La tumultuosa e sofferta vicenda esistenziale di Vincent Van Gogh, così profondamente legata alla sua arte, ancora non smette di interessare il vasto pubblico.
A pochi giorni dalla restituzione al Van Gogh Museum di Amsterdam dei due dipinti, la spiaggia di Scheveningen e la Chiesa di Nuenen, trafugati 14 anni fa e ritrovati nel covo di un malavitoso a Castellammare di Stabia, il mondo torna ad affascinarsi alla tecnica travolgente del maestro olandese, ai suoi segreti ed alla sua vita tormentata.
Eppure la nascita del mito è legata esclusivamente alla volontà e compassione di una donna, la cui storia dimenticata merita una luce ben più adeguata.
Johanna Van Gogh-Bonger sposò Theo Van Gogh, l’adorato fratello minore del maestro ribelle, nel 1889; intelligente e ben istruita, proveniva da una benestante famiglia borghese olandese, figlia di un broker assicurativo. Quello che Johanna comprese immediatamente fu il fatto che aver sposato Theo significava aver contratto impegno anche con il cognato Vincent. I due, infatti, erano legatissimi, lo testimonia il fitto epistolario tra i due, più di 900 lettere fondamentali per la ricostruzione postuma della figura e della poetica del maestro dei colori.

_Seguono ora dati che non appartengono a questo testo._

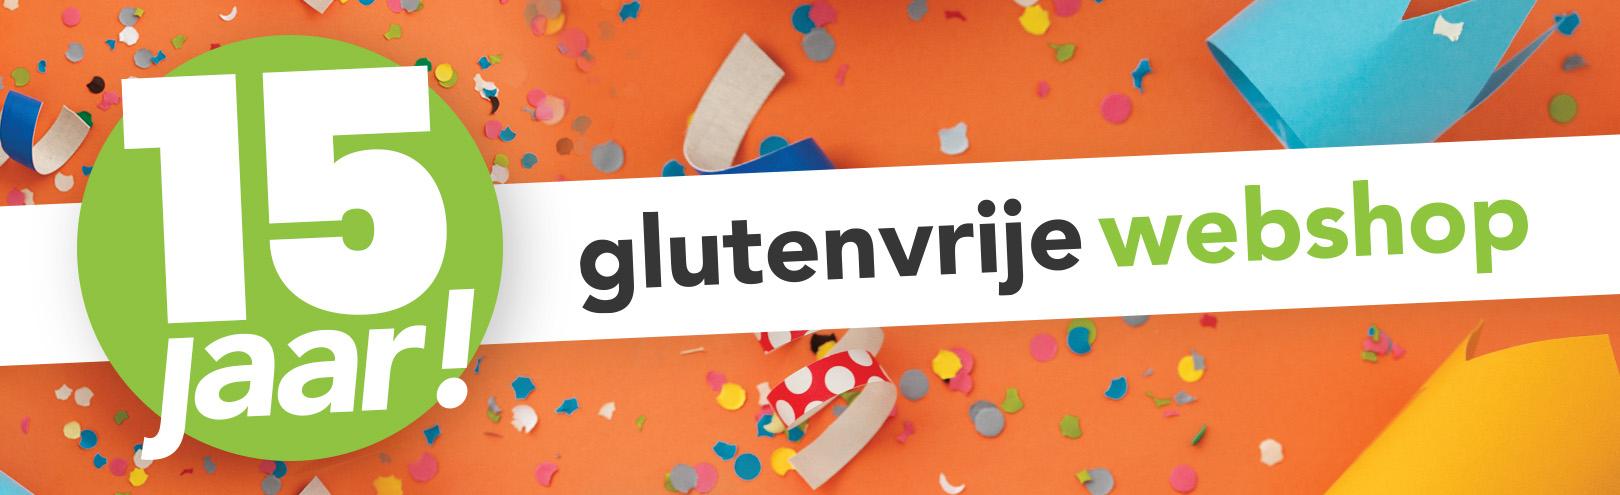 Glutenvrije Webshop: 15 jaar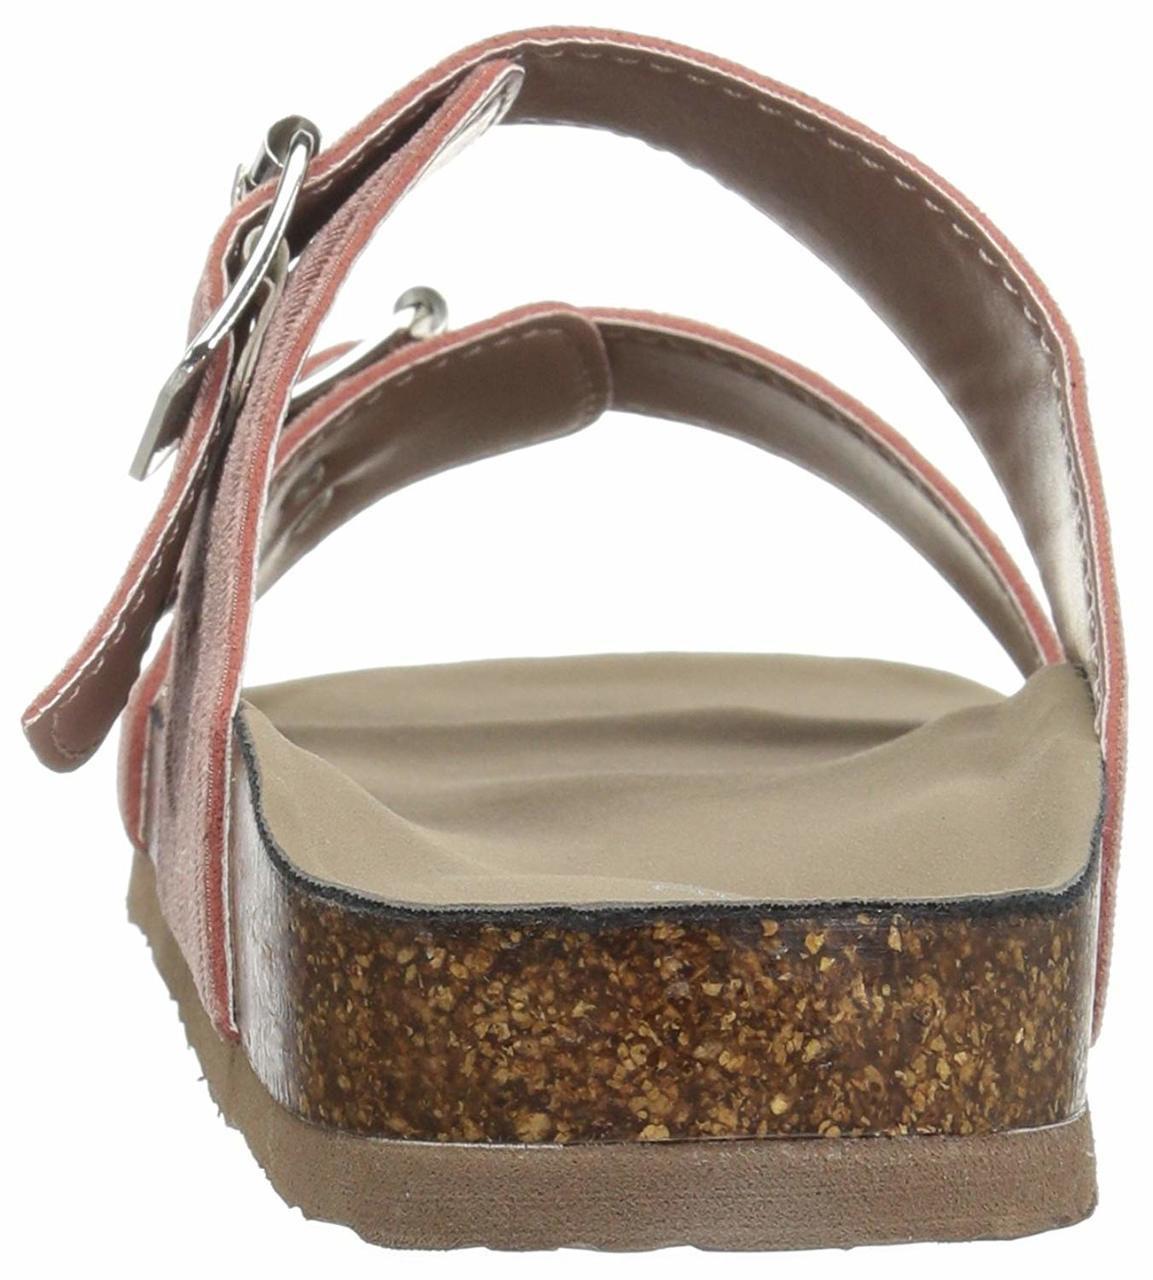 d96d13197c5c Madden Girl Women's Brando-v Flat Sandal~pp-91f6ec05 - Boston Store

Alla tragica morte di Vincent, nel luglio del 1890, seguì quella altrettanto sofferta di Theo, solo 6 mesi dopo, e Johanna rimase sola, con un altro Vincent, il figlio neonato della coppia, e un numero spropositato di tele, circa 200, da dover curare e gestire.
Fu così che la cognata, semisconosciuta e defilata, si trasformò nella più oculata e scaltra dei promotori d’arte, decisa a lanciare l’inimitabile genio di Vincent Van Gogh, così come avrebbe fatto Theo. Trasferitasi da Parigi a Bussum, non lontano da Amsterdam, conobbe il gruppo letterario ed artistico dei “tachtigers”. Questi uomini e le loro compagne avevano fondato un gruppo socialista in una comune chiamata “Walden” (vita nel bosco) di Thoreau. Johanna fu indotta all’attivismo socialista da alcune delle donne e da loro prese l’idea di ammobiliare la sua villetta come un museo, la prima galleria d’arte per Van Gogh. La villa aveva un motivo funzionale, serviva da esposizione, una galleria casalinga dove la donna invitava artisti, collezionisti e mercanti, vendeva quel che voleva vendere e presto trovò la sua abitazione piena di visitatori. E il nome del pittore cominciò a farsi strada. Pur vendendone i quadri, Johanna si tenne gelosamente i capolavori, con una strategia ben precisa: esponendoli nelle varie mostre avrebbero portato più popolarità. La mostra autofinanziata del 1905, con ben 464 tele provenienti da ogni dove fu accolta con grande clamore ad Amsterdam e, nel 1914, il colpo di genio: pubblicare l’epistolario tra il marito e Vincent, quando ormai il nome del pittore era solido e tutta l’attenzione poteva spostarsi sul suo lato oscuro e sul processo creativo. L’insperato e definitivo riconoscimento dell’arte di Van Gogh si ebbe nell’anno 1924, quando la National Gallery londinese comprò uno dei quadri più celebri: il Vaso di Girasoli.
Il dipinto era il preferito di Johanna, quello che secondo lei meglio riassumeva l’essenza dell’artista e non avrebbe voluto privarsene. Indugiò ma fine cedette e con quell’acquisto Van Gogh ebbe l’immortalità. Ma ben altra sorte toccò a Johanna Bonger. Morì l’anno dopo lasciando tutto al figlio, che donò allo stato olandese i quadri che avrebbero formato il Museo Van Gogh di Amsterdam.
Johanna venne dimenticata dalla storia e il suo nome eclissato dall’accecante immagine di Vincent Van Gogh, eppure senza di lei quell’immagine sarebbe durata un attimo. Si disse che tutto questo lei lo aveva fatto per il figlio, affinché il passato non fosse sepolto con loro; per tramandare la memoria di quegli uomini e mostrarla agli occhi delle future generazioni.